Here is one of many, many pages about this.

I would think it’s the job of whoever posted it to give a summation. But in this case all we were given was:

And a link to a 30 minute video.

[Moderating]

If I’m not mistaken, nobody in this thread has yet said what the issue here actually is. Neither a link to a news article nor a 30-minute video constitutes “discussion”.

I gather, from what I’ve read so far, that McDonalds staff often lie and say the soft-serve machine is broken, because it takes too much time to use it? I think? Some more explanation is definitely in order, here.

@Melbourne has it. The machines are down because they are self cleaning, and spit out cryptic error messages when things go wrong, which requires a service call to the manufacturer to resolve.

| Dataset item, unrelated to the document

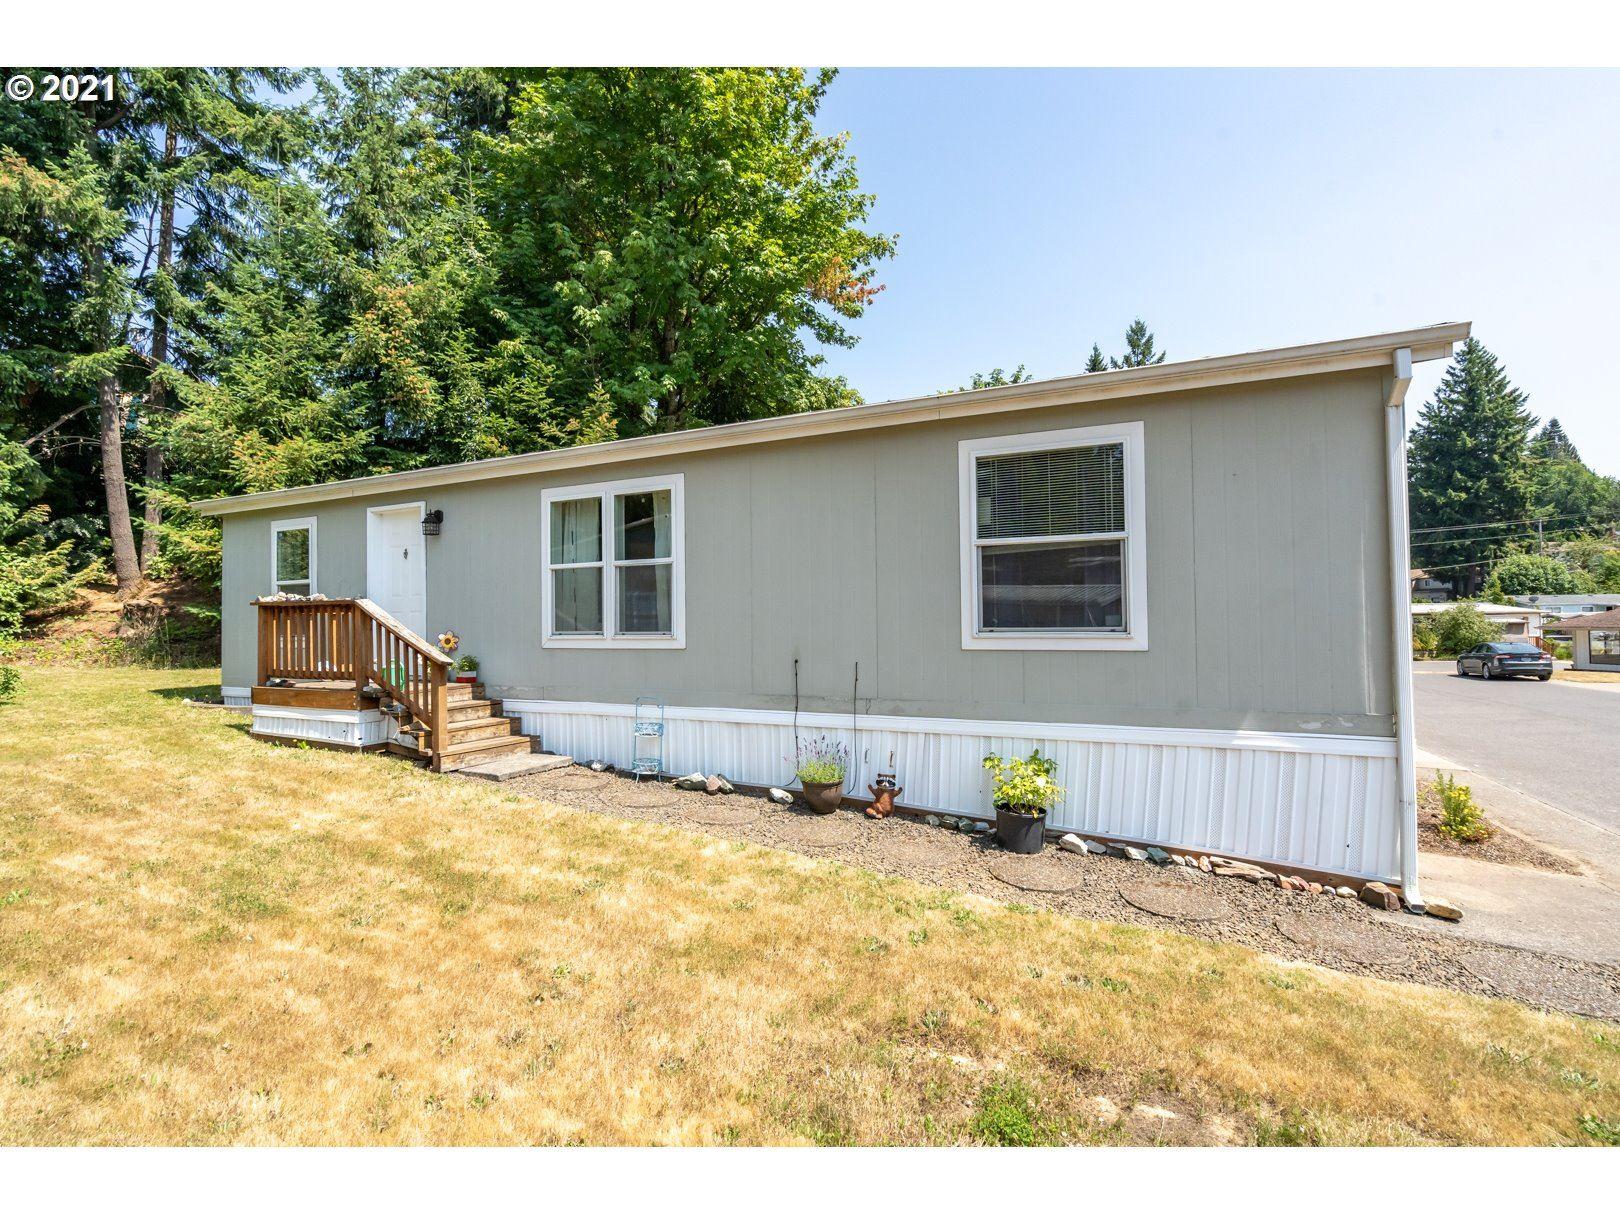 17655 Bluff RD #5, Sandy, OR 97055 - MLS#: 21526468

Some new company has created a device that can hack into the system and fix the error without the service call. That’s the new legal drama.

Many franchisers would of course like to use these to save money and get the machines back up more quickly. But McDonalds, having a deal with the soft serve manufacturer, is siding against this. They are instead coming out with their own device–and the hackers think they stole their tech.

It’s a convoluted mess, seemingly all because McDonalds can’t trust its workers to just clean a normal soft serve machine.

It’s also pointed out that none of the (many) other fast food places appear to have this problem, despite using machines from the same manufacturer.